Agreed, though fs/iomap/direct-io.c is generic helper code shared by various FS, right? So anyone using that would have the same bug.

This did come up before in this thread where the XFS maintainer mentioned that this requests-exhausted blocking case isn't interesting for Seastar users (Seastar was the example given there), but as a Seastar user I can say that we are definitely interested in this case and run into it in practice. Dave is correct that avoiding locking etc in the XFS layer is also very important but wrong in that it's the primary/only thing. Any blocking is problematic as userspace application has no way to avoid it if NOWAIT doens't work.

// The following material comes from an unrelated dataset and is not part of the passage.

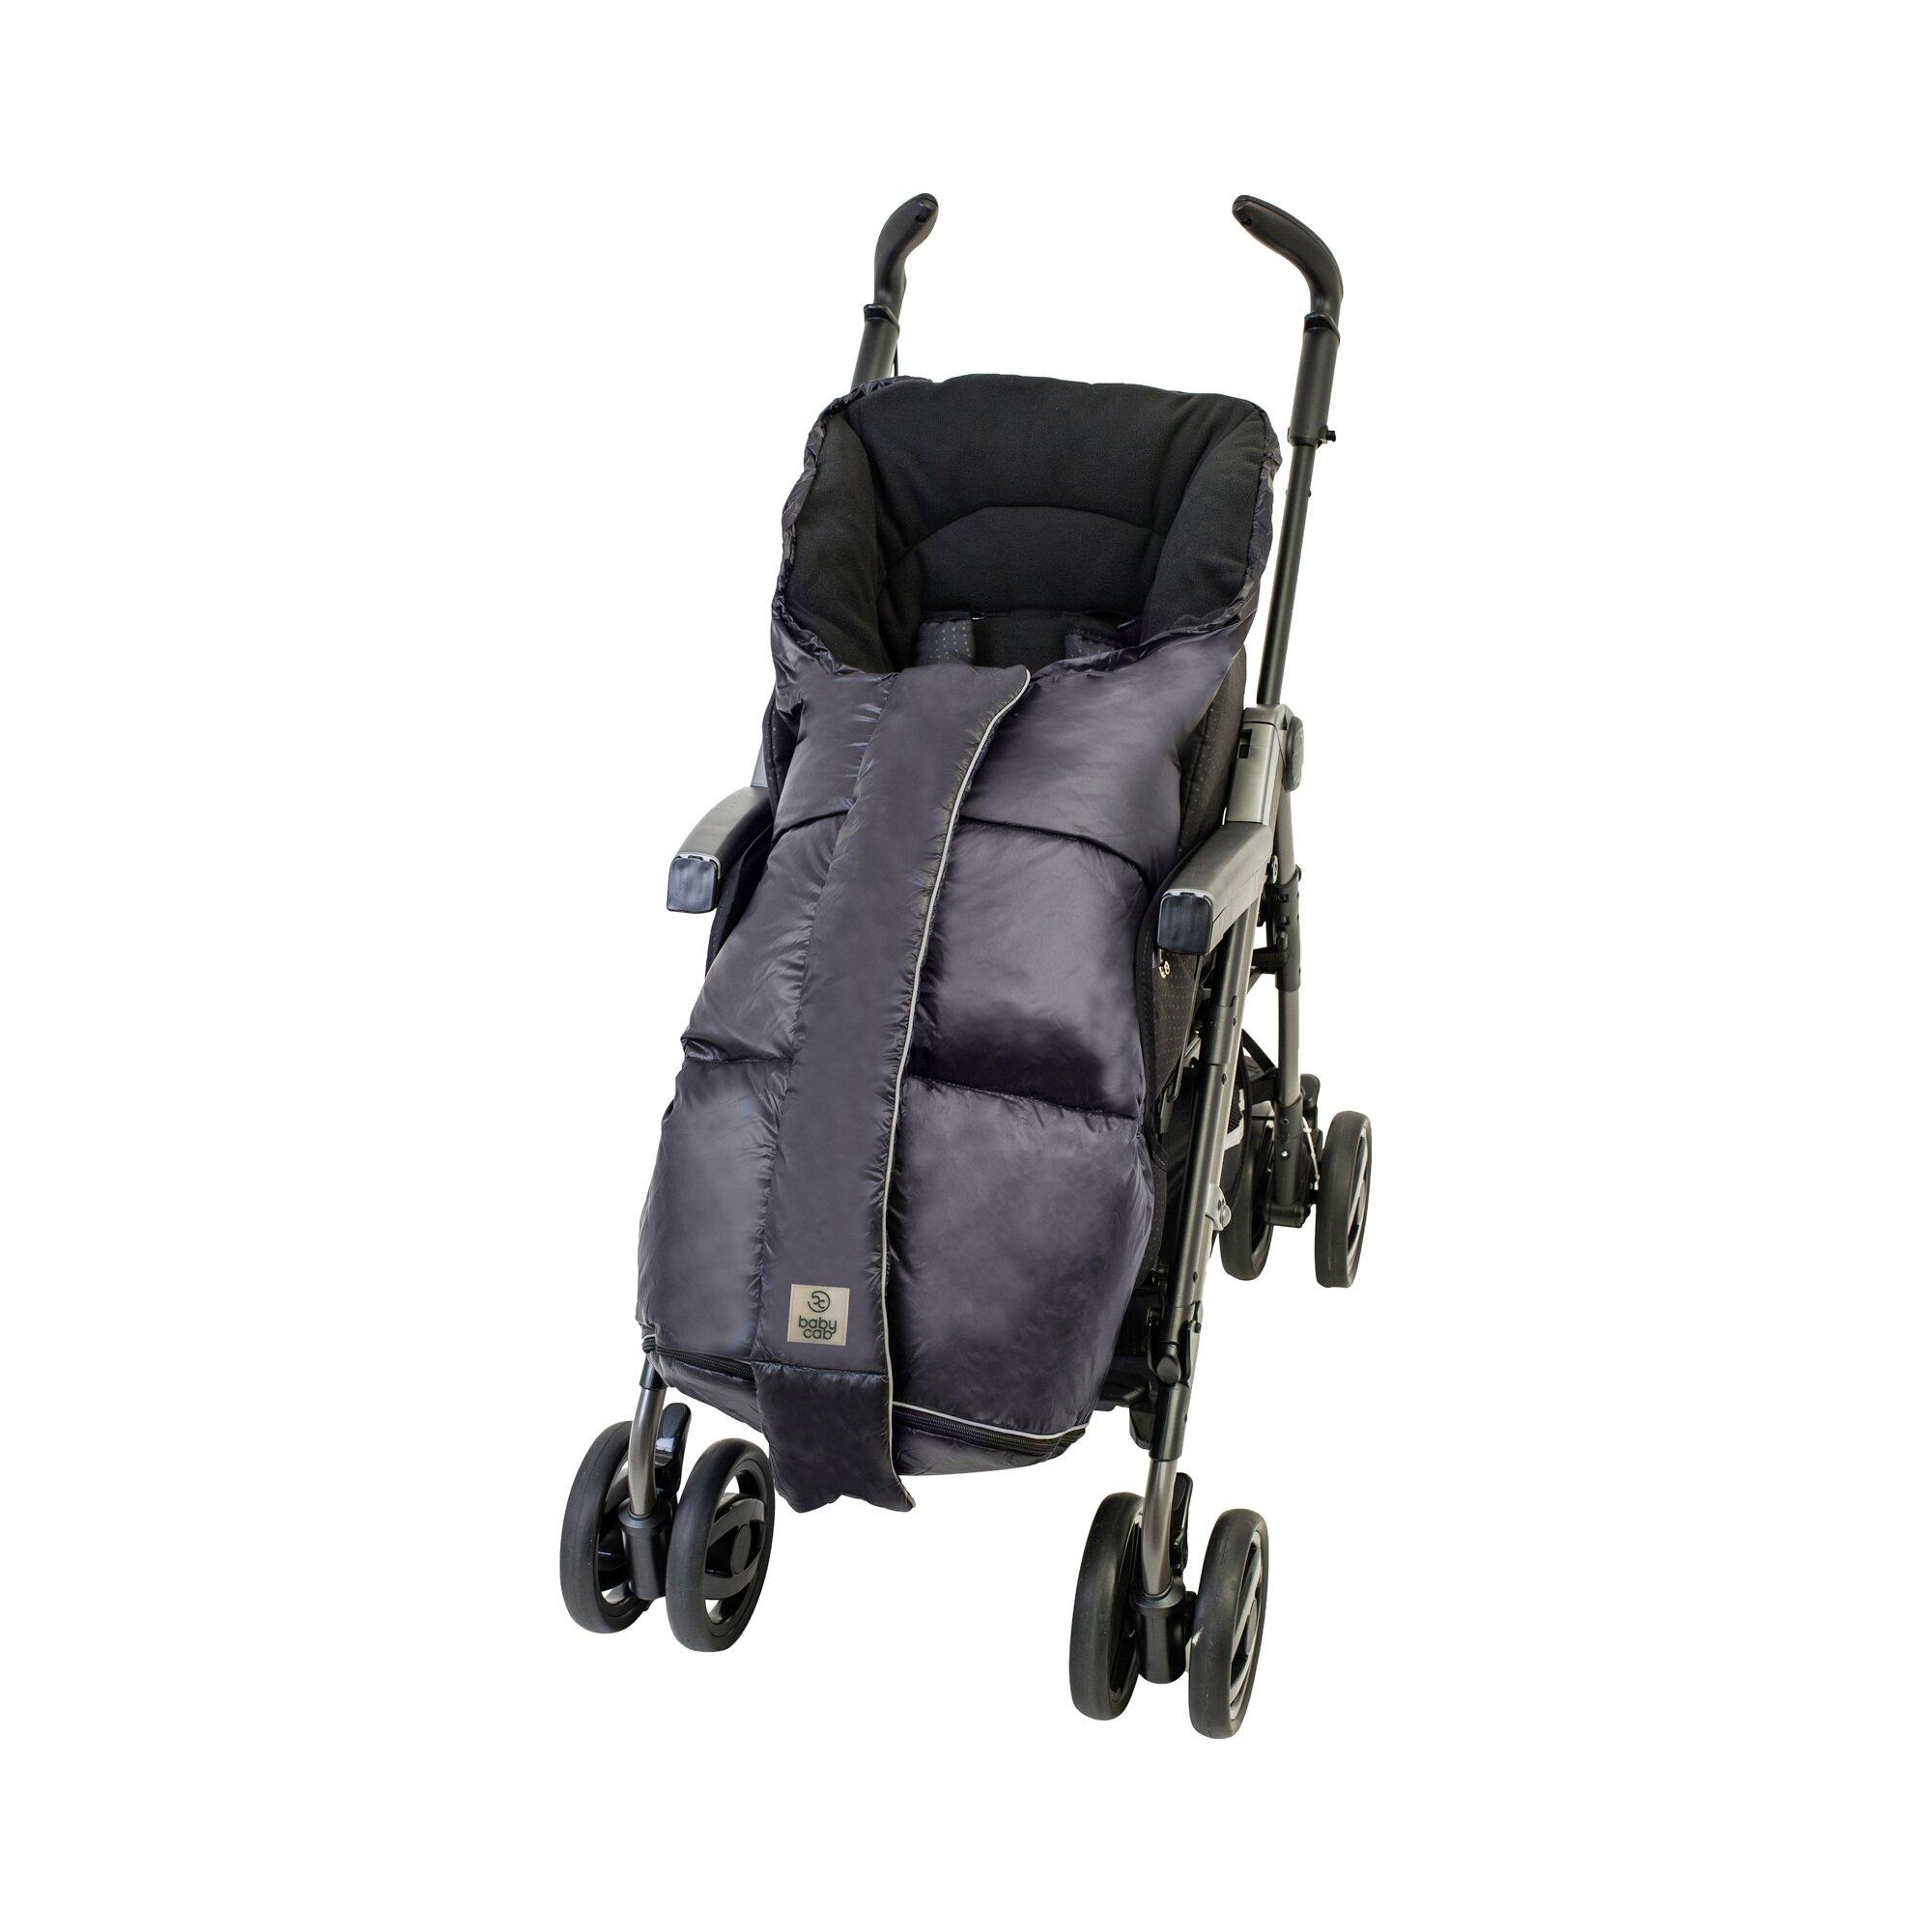 babycab-daunen-fu-sack-snag-fur-kinderwagen-buggy-schwarz

axboe commented 1 month ago

This is 6.5, but I believe the behavior is the same all the back to 5.x and forward to the tip.

Could very well be.

Agreed, though fs/iomap/direct-io.c is generic helper code shared by various FS, right? So anyone using that would have the same bug.

Not that many for DIO writes. ext4 adopted it for dio recently, btrfs still has its own iirc. I may be wrong, didn't double check.

Dave isn't completely wrong, though xfs/iomap should do the right thing here. In practice it tends not to be a huge issue as nvme devices generally have very deep per-cpu queues, so risk of blocking is small. But it certainly can happen if the depth is more limited, or the device is driven too hard, and we should certainly get this blocking condition fixed. Your test case is 4k writes, which are easy enough. I'd be more nervous about longer looping where we've already done a bunch of writes and now we have one that blocks and returns -EAGAIN. Hence the devil is in the details here.

Just back from 2 weeks away so don't have a lot of bandwidth to test this, but remind me end next week if I don't get back to you before then.